Unexpected large execution time

Hi Daniel,
Thank for introducing the concept of profiler to me. A few questions, if you do not mind:
1- After installing line_profiler, and issuing the command ’ kernprof -lv my_code.py’, what happens? Do I still need to run Python as usual: ‘python3 my_code.py’?

2- It also seems that I need to modify my_code.py and outside a function call to insert a line: ‘@profier’.
But how do you end this profiling if you are targeting a specific function? That is how do we indicate that a very specific function requires profiling and not all other functions?

Thanks a lot.

In case interested, I modified and simplified the code as follows so no other function call is used other than a simple stupid while loop:

from datetime import datetime
import gc

gc.disable() 
m=0
s = 2000
t = 500
j = 7
i = 750
all_multiplied = s * t * j * i
k = 0
start_time0 = datetime.now()
#for k in range (all_multiplied):
while (k < all_multiplied):
    m = m + 1
    k = k + 1

end_time0 = datetime.now()
elapsed_time0 = (end_time0 - start_time0).total_seconds() * 1000
print ("All done! Number of iterations = ", k+1, ", of the total= ",  all_multiplied)
print ("start time= ", start_time0)
print ("end   time= ", end_time0)
print (f"      Elapsed time: {elapsed_time0} miliseconds")

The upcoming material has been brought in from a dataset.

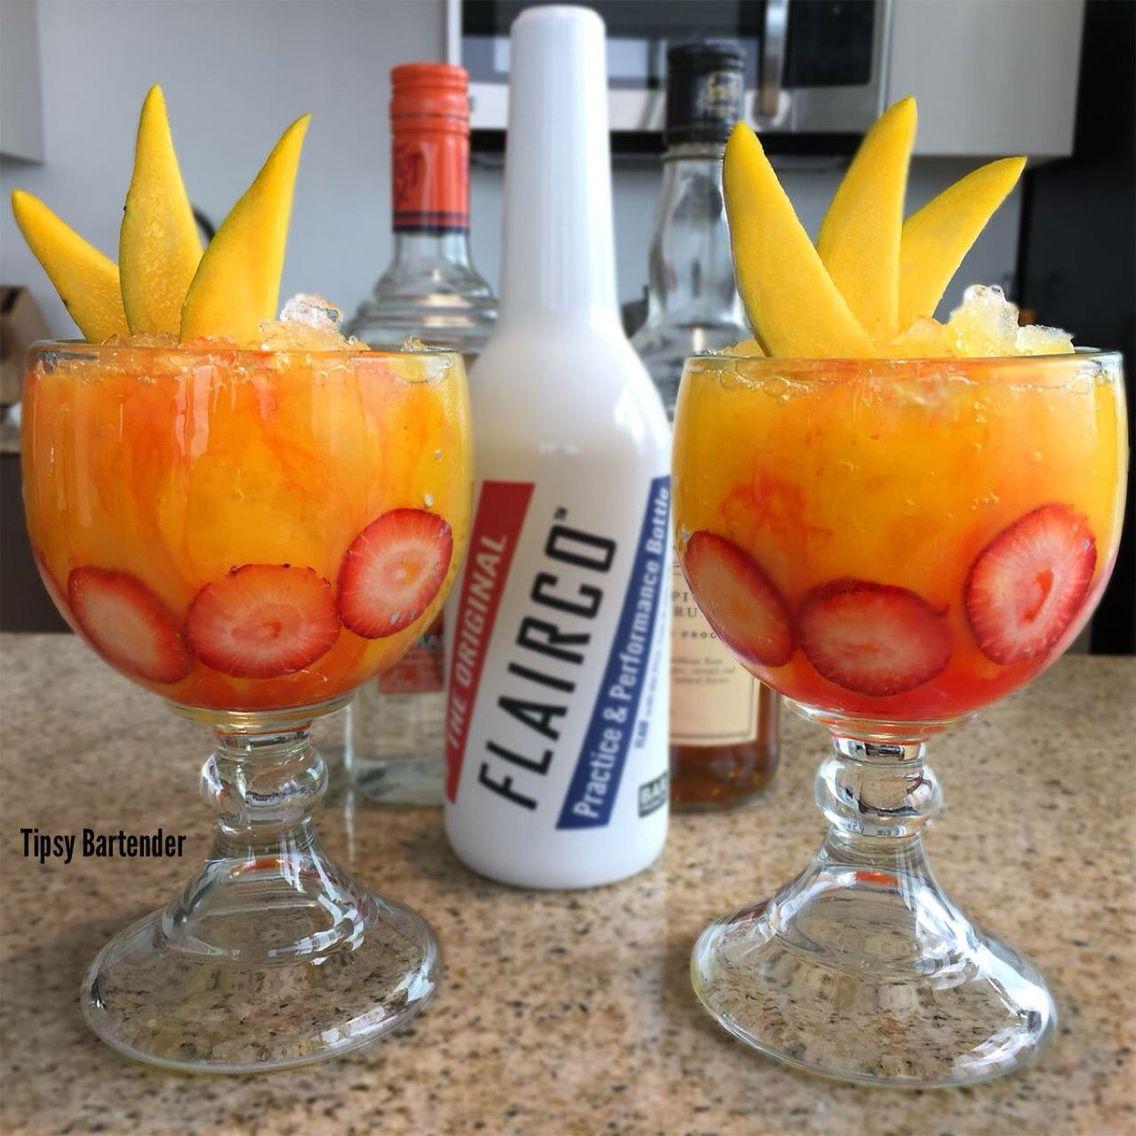 Mango Mai Tai 1oz Spiced Rum, 1oz Mango Rum, 3oz Mango
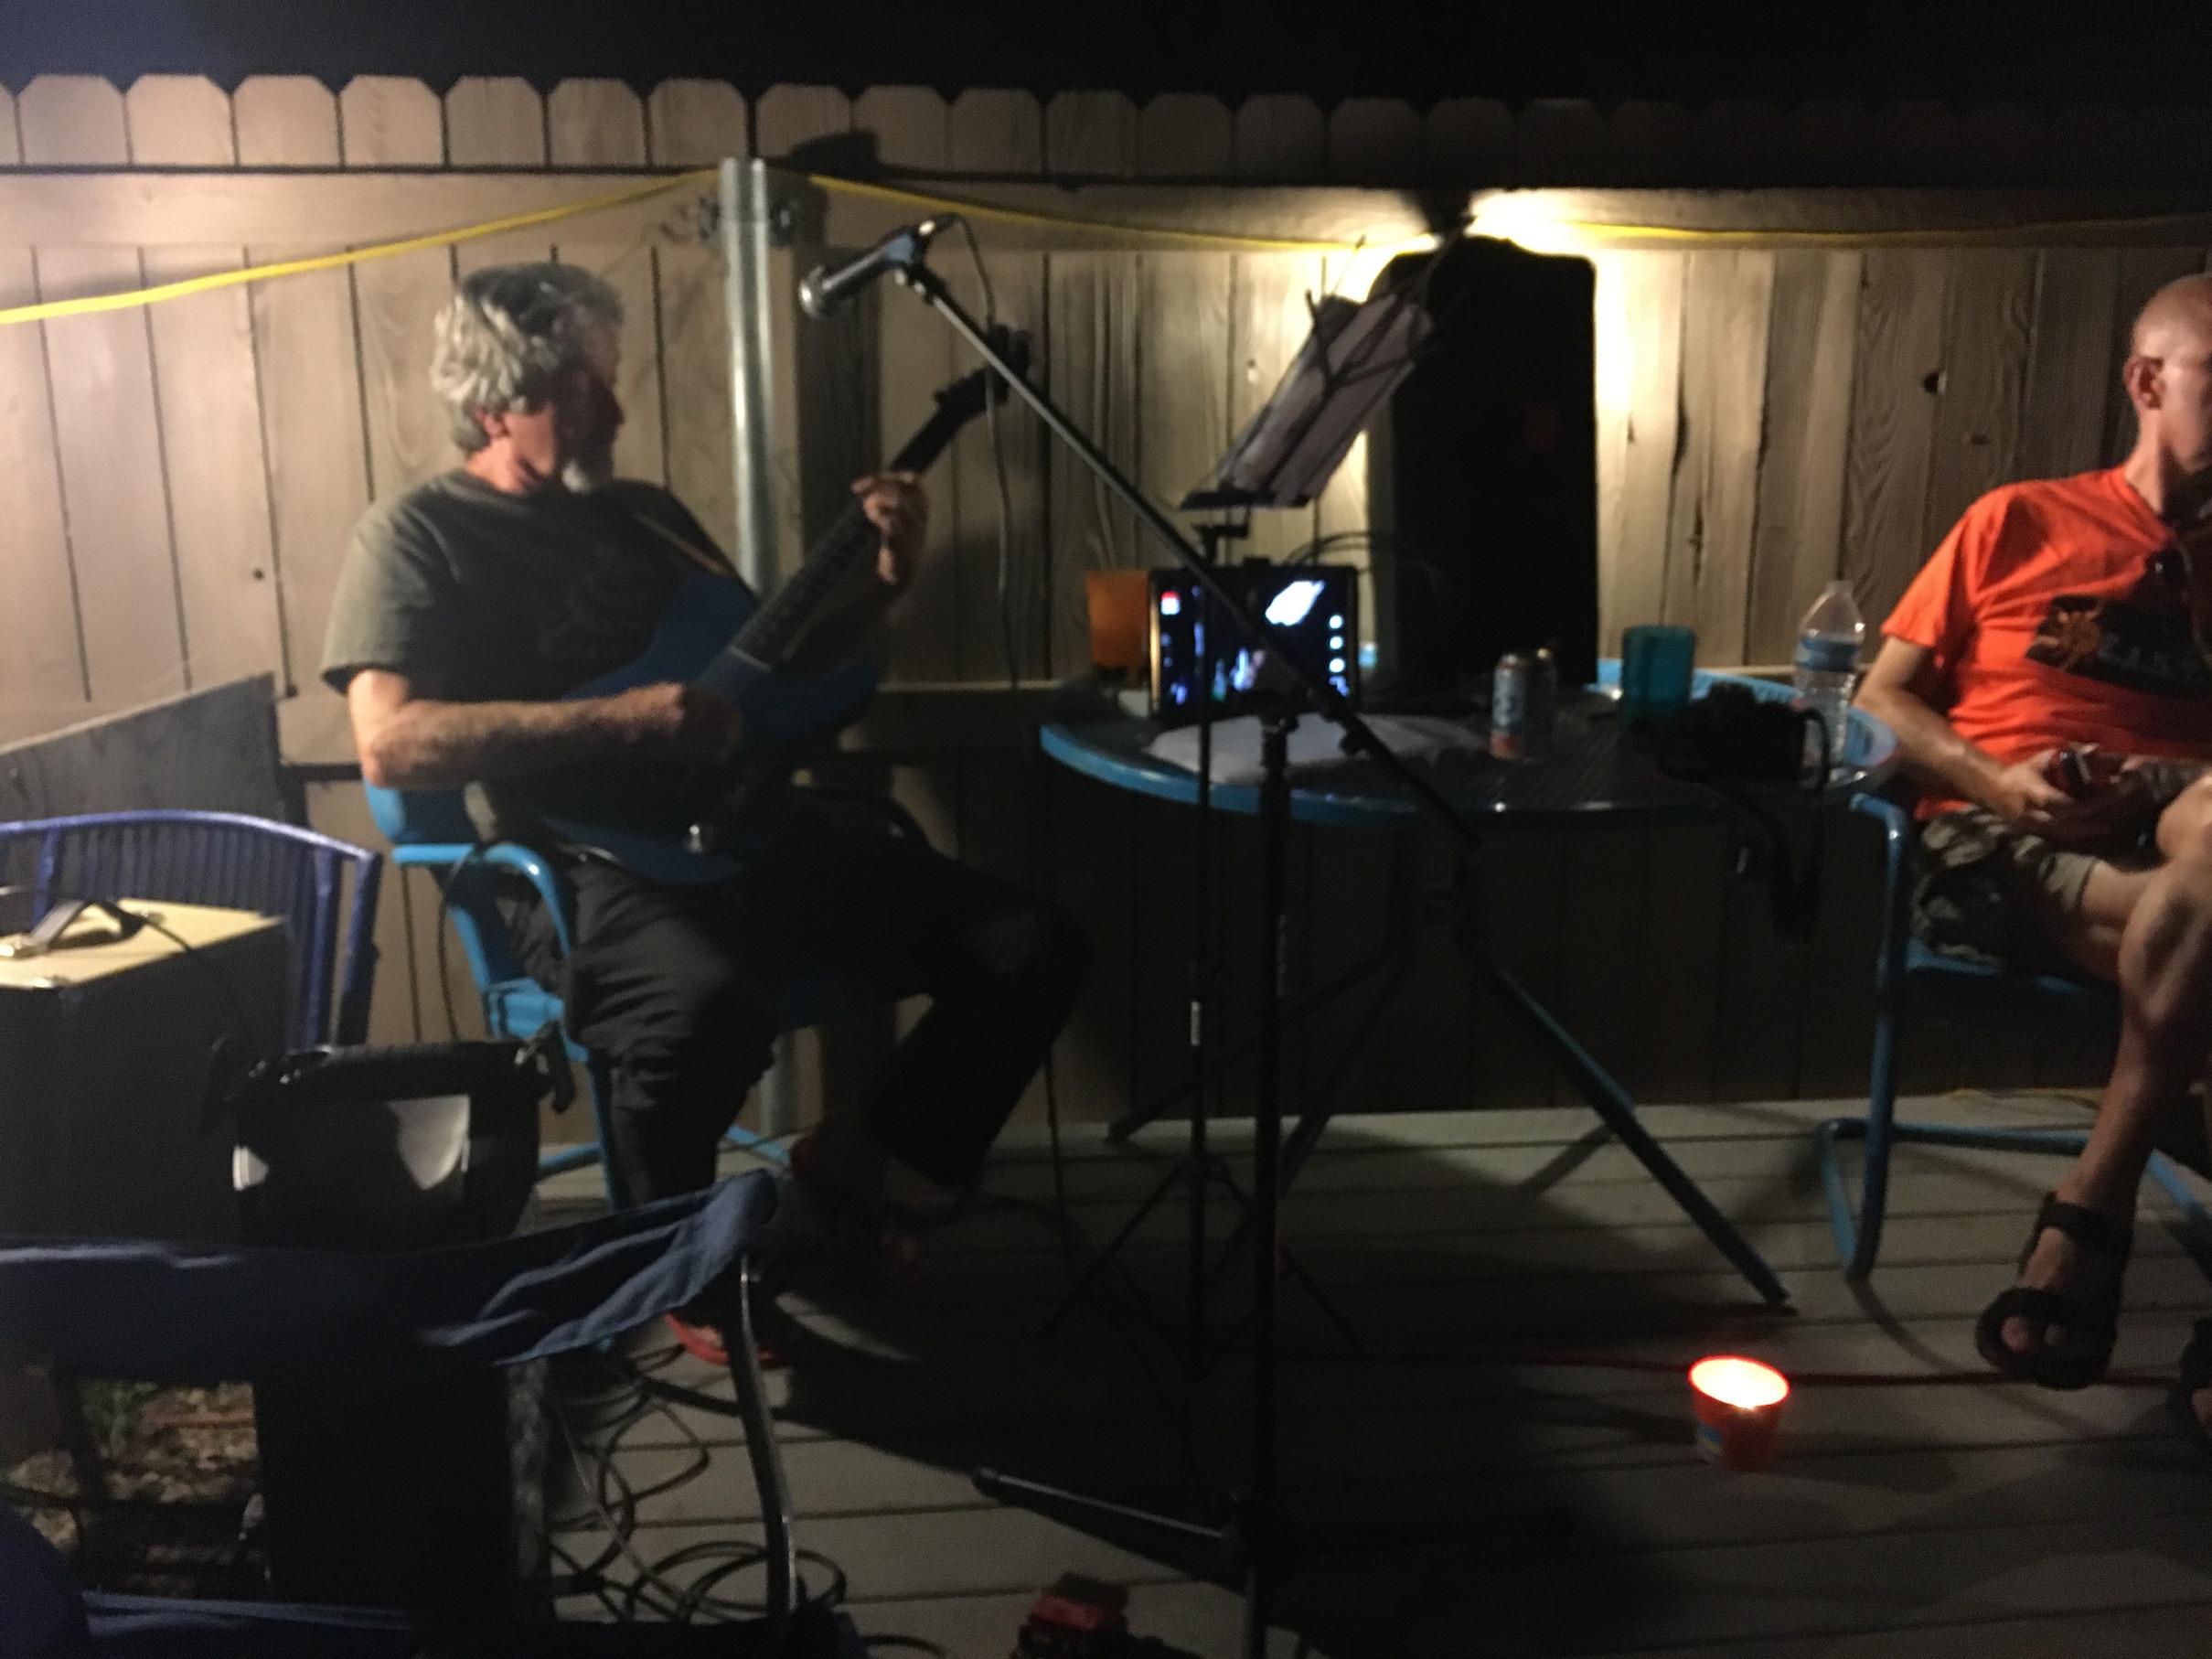 backyard activities music jam pueblo house james smith on guitar

I then ran the code twice. One resulted the execution in 2 hours as can be seen here:

All done! Number of iterations = 5250000001 , of the total= 5250000000
start time= 2023-05-12 19:18:55.621718
end time= 2023-05-12 20:52:51.384111

  •  Elapsed time: 5635762.393 miliseconds*
    

And the second one 5 hours!:

All done! Number of iterations = 5250000001 , of the total= 5250000000
start time= 2023-05-12 23:23:46.436322
end time= 2023-05-13 04:26:53.443783

  •  Elapsed time: 18187007.461000003 miliseconds*
    

So something really strange is going on here.

Also further info on my system:
I am on a MacBook Pro, macOS Mojave, 2.5 GHz Intel Core i5; with 8 GB 13333 MHz DDR3

And you’ve confirmed that this is true with garbage collection active, and with monotonic and perf_counter clocks too?

This detail is irrelevant and distracting. n = 5250000000 would be better. A smaller and more rounded n would be even better. Posted code should be minimized and irrelevant detail eliminated.

You have been asked more than once to use a timer function designed to measure elapsed CPU time measurement instead off something not so designed. Using datetime.now across a ‘fall back’ wall clock change or a system clock resetting from the internet could even result in a negative elapsed time.

Have you tried disabling App Nap? I believe the command to disable it system wide is something along the lines of defaults write NSGlobalDomain NSAppSleepDisabled -bool YES. (Not sure whether a reboot is required to make that take effect or not.)

Terry,
These small additional 4 lines nobody complained about and it skipped my mind (as I had it originally in the code).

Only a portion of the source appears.